Это был тонко рассчитанный ход: бультерьеры тогда только появились в Москве, и Андрей, как многие не вполне уверенные в себе, избалованные и неагрессивные мужчины, питал к ним страстный интерес. Понятно, что искушение быть фигурантом в схватке с белым бультерьером не оставило мне никаких шансов. Я расценила это как низменную месть Валеры за “потребности”. Коллеги вместе вышли в зимние сумерки. Я смотрела в окно. Странно все это. И Андрей… «Я странен, а не странен кто ж?» — вспомнилось мне. А вот сам Андрей вспоминался с трудом.
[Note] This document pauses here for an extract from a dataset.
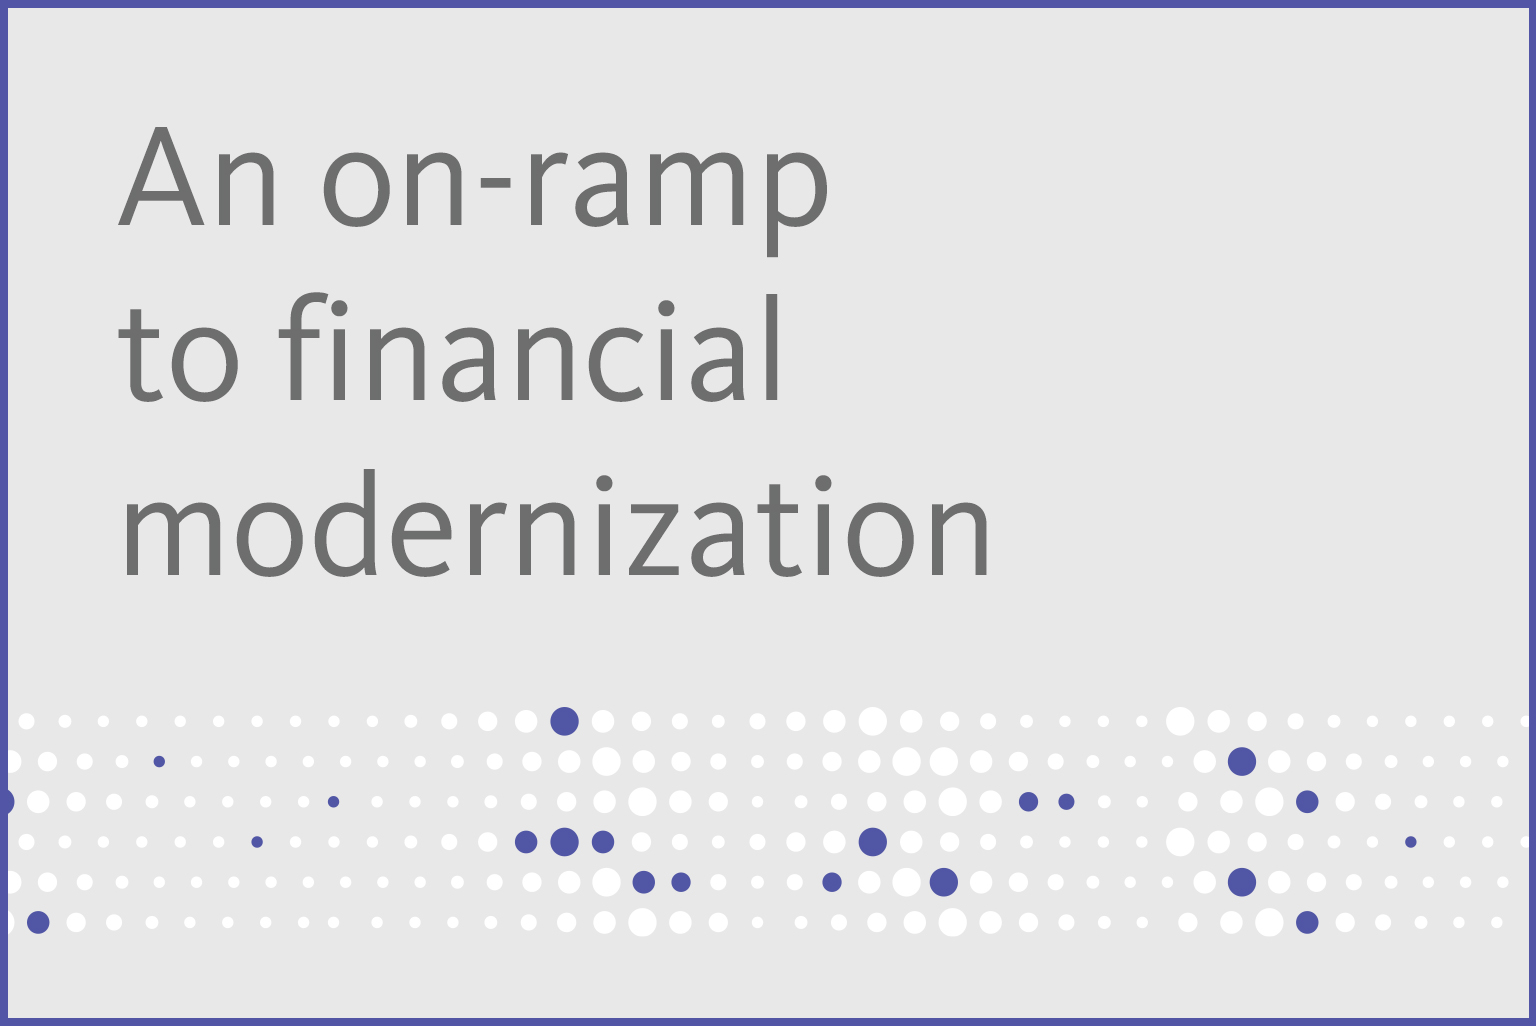  An on-ramp to financial modernization

Так — неуловимый очерк губ — капризных, подвижных… Перемены позы, ракурса, выражения — непрерывные, резкие… Все моментально, мгновенно: жест, мимическая гримаса, появление из ниоткуда, исчезновение в никуда…


Информация для английской “Dog World”, как и все плоды нашего писательского альянса, вызревала мучительно и долго.
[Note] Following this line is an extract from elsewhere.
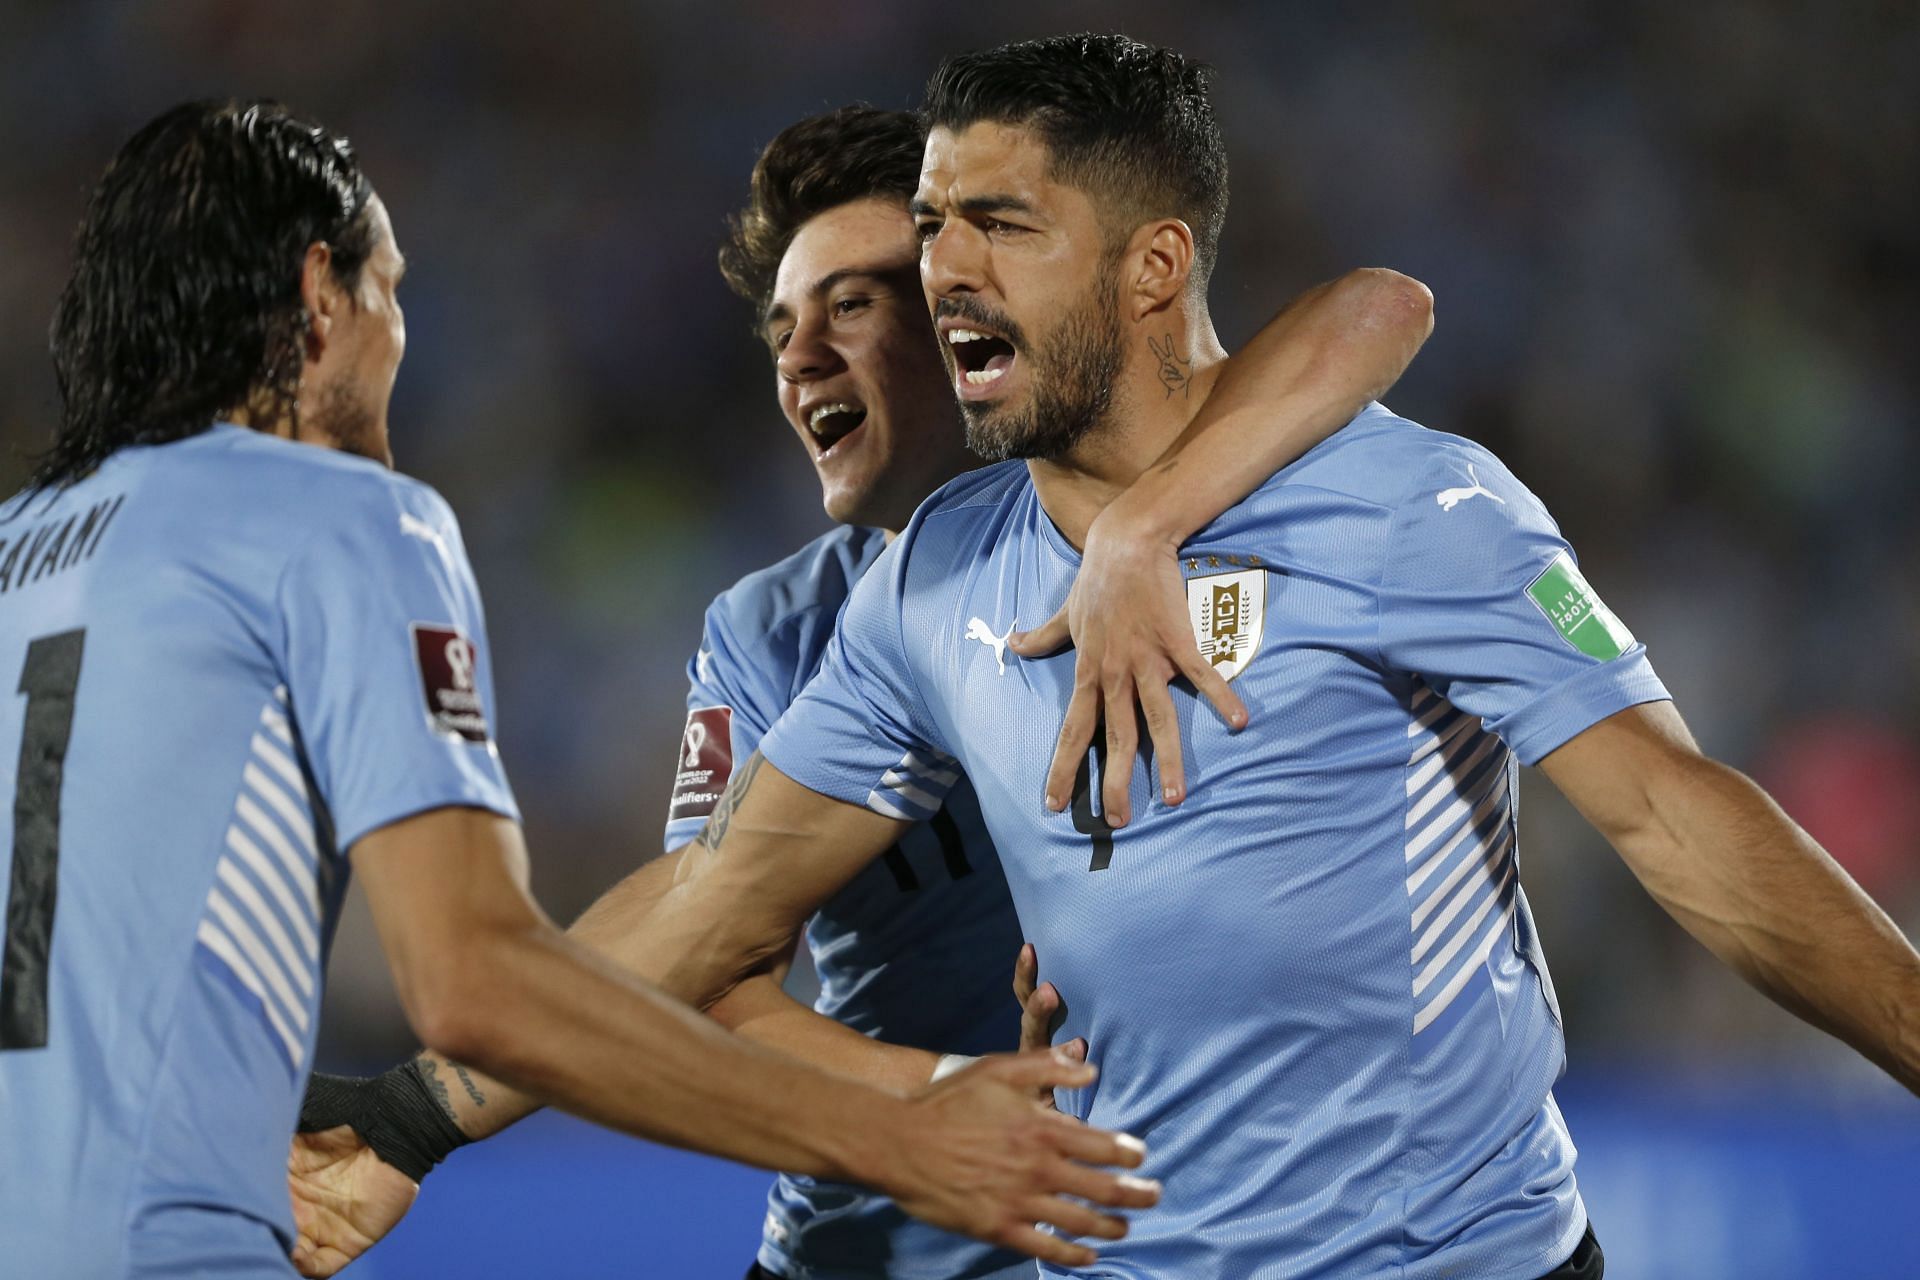 Uruguay v Venezuela - FIFA World Cup Qatar 2022 Qualifier

— Ну ты, это, Анна, напиши, понимаешь… Ну это, в общем, — поняла? — весело приступил к делу Валера, когда мы выпили по чашке чаю. — Ну, это!

- “Группа русских ученых…”…?

— Во! Группа! Русских! Ученых! То, что доктор прописал!

— А дальше что?

— Ну есть у нас… Это, в общем… Ну есть, напиши…

— А что у нас есть?

— Водки у нас нет, вот что, — сказал вдруг Андрей. Я взглянула на него. Он тоже смотрел на меня, и как-то по-новому.

— Ну, Сиверков, я от тебя не ожидал! Водки захотел! Эка… — по Валериному скуластому лицу промелькнула тень, узковатые рыжие глаза потемнели и еще сузились. — А на что пить будем?

— Я куплю.

Дверь хлопнула. Валера еще прочнее утвердился в кресле, закурил, взял в руки пепельницу. Не отводя от нее глаз, снова поставил на стол и стал молча постукивать моей любимой бабушкиной “попельничкой” по столешнице. Так прошло несколько минут. Я решила, что ни за что не заговорю первой — пристально смотрела на белый лист со словами “Группа русских ученых” и злилась — вспоминала, как мне было обидно накануне, когда садист(так я стала называть его про себя со вчерашнего дня) нарочно завлек Андрея бультерьером. Молчание казалось странным и становилось все более напряженным.

— Ты, Анна, это… Водки ему много не давай, — проворчал, наконец, Валера, по-прежнему глядя на пепельницу. — Мне он сегодня на дрессировке понадобится.

— Неужели? — еле выдохнула я, даже не пытаясь сдержать негодование. — Ты, оказывается, и по ночам кого-то дрессируешь? Кого, интересно? Жену?

— Жена у меня сама кого хочешь отдрессирует.

— Тогда зачем тебе так поздно Андрей понадобился? — не сдержалась я, выдавая себя полностью, но уже об этом не заботясь.

— А-а, думаешь, он тебе здесь больше пригодится? — не упустил своего гений гуманной дрессировки. — Понятно, понятно… Ну, смотри, дело твое, хозяин — барин. Только я его все равно заберу. Так что и не мечтай. — Валера расслабился, поднял голову, даже усмехнулся — кажется, снова почувствовал свою силу, вернувшись к привычной работе — управлять поведением, на этот раз моим.